Hardware acceleration of genomics data analysis: challenges and opportunities

Bioinformatics. 2021 Jul 27;37(13):1785-1795. doi: 10.1093/bioinformatics/btab017.

Abstract

The significant decline in the cost of genome sequencing has dramatically changed the typical bioinformatics pipeline for analysing sequencing data. Where traditionally, the computational challenge of sequencing is now secondary to genomic data analysis. Short read alignment (SRA) is a ubiquitous process within every modern bioinformatics pipeline in the field of genomics and is often regarded as the principal computational bottleneck. Many hardware and software approaches have been provided to solve the challenge of acceleration. However, previous attempts to increase throughput using many-core processing strategies have enjoyed limited success, mainly due to a dependence on global memory for each computational block.

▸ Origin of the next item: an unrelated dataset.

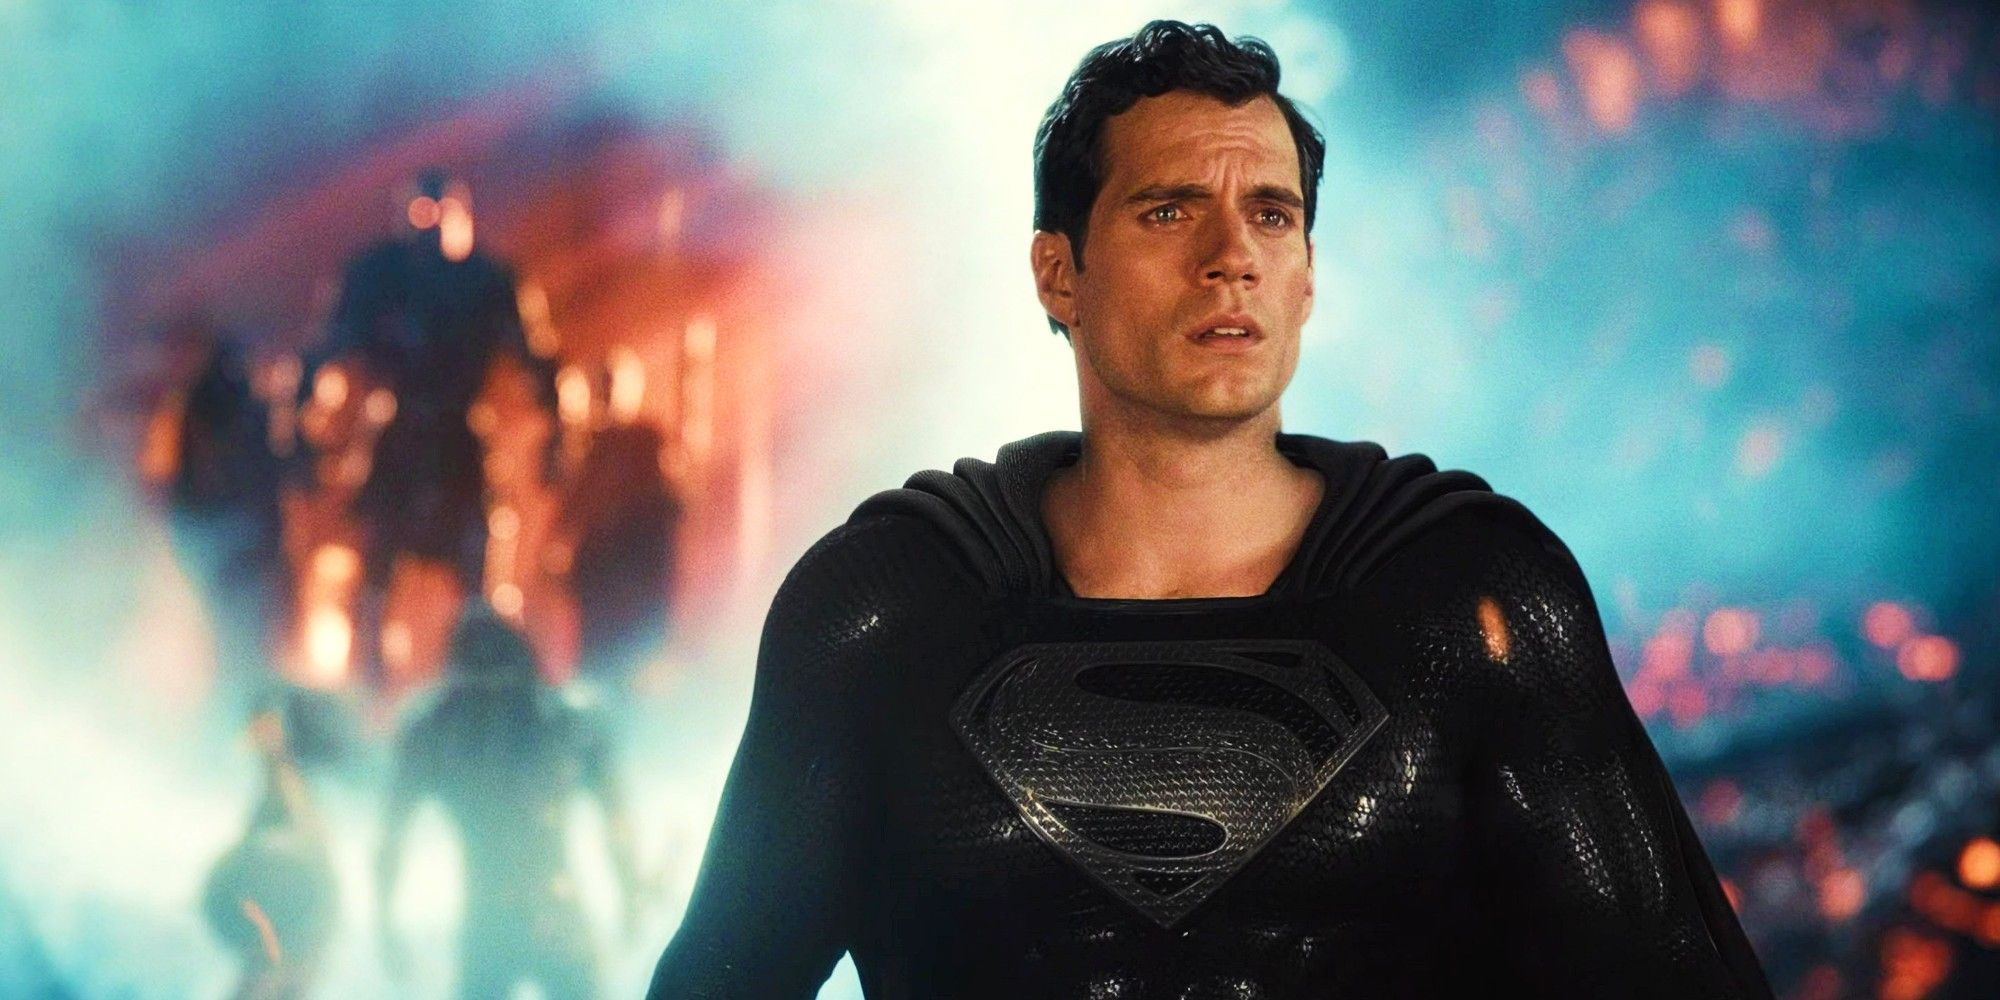 Henry Cavill Breaks Silence on Superman Return With Heartfelt Announcement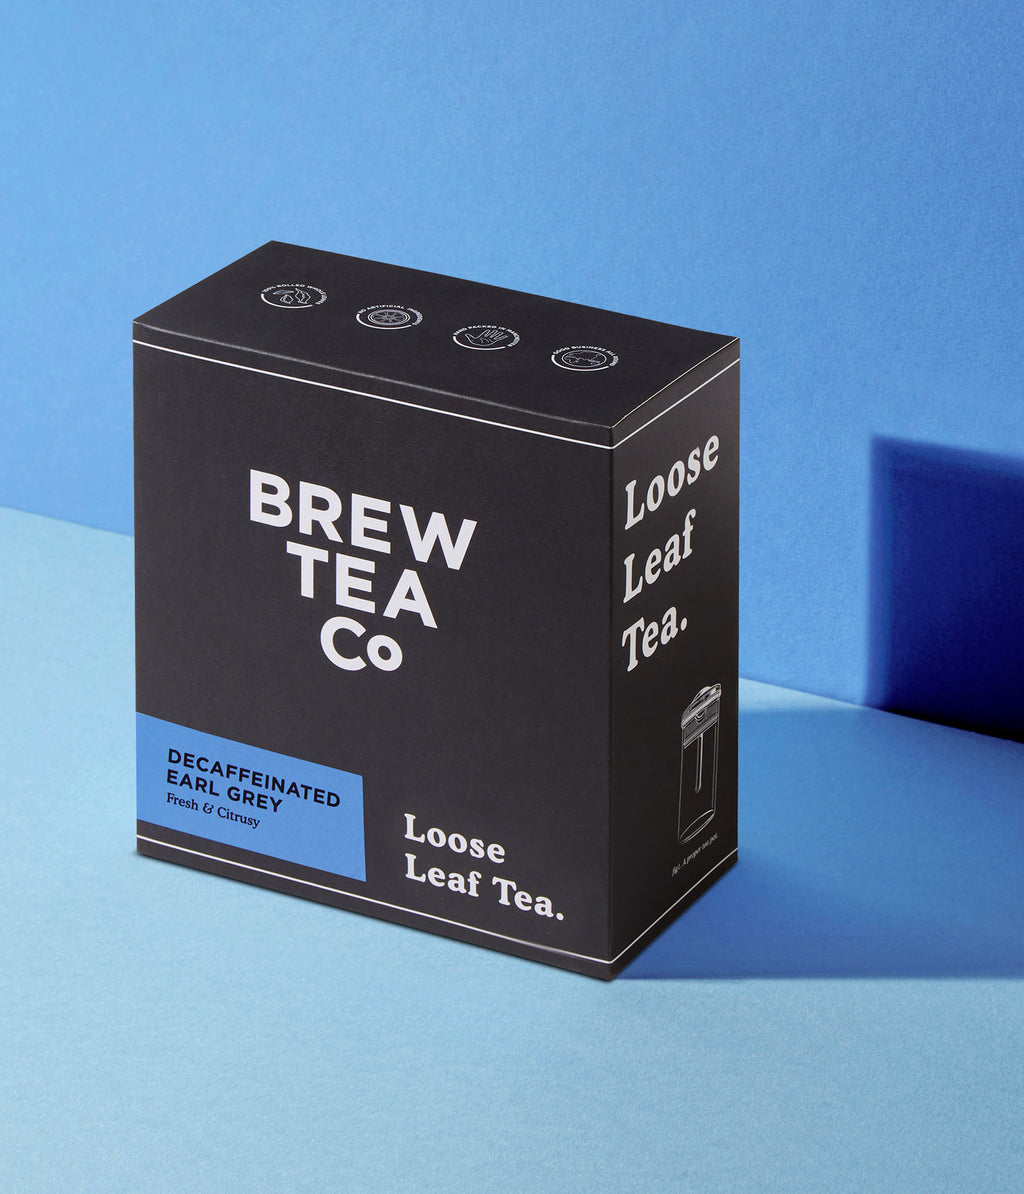 Decaffeinated Earl Grey - Loose Leaf Tea

The limited scalability and high energy costs of many-core SRA implementations pose a significant constraint in maintaining acceleration. The Networks-On-Chip (NoC) hardware interconnect mechanism has advanced the scalability of many-core computing systems and, more recently, has demonstrated potential in SRA implementations by integrating multiple computational blocks such as pre-alignment filtering and sequence alignment efficiently, while minimizing memory latency and global memory access. This article provides a state of the art review on current hardware acceleration strategies for genomic data analysis, and it establishes the challenges and opportunities of utilizing NoCs as a critical building block in next-generation sequencing (NGS) technologies for advancing the speed of analysis.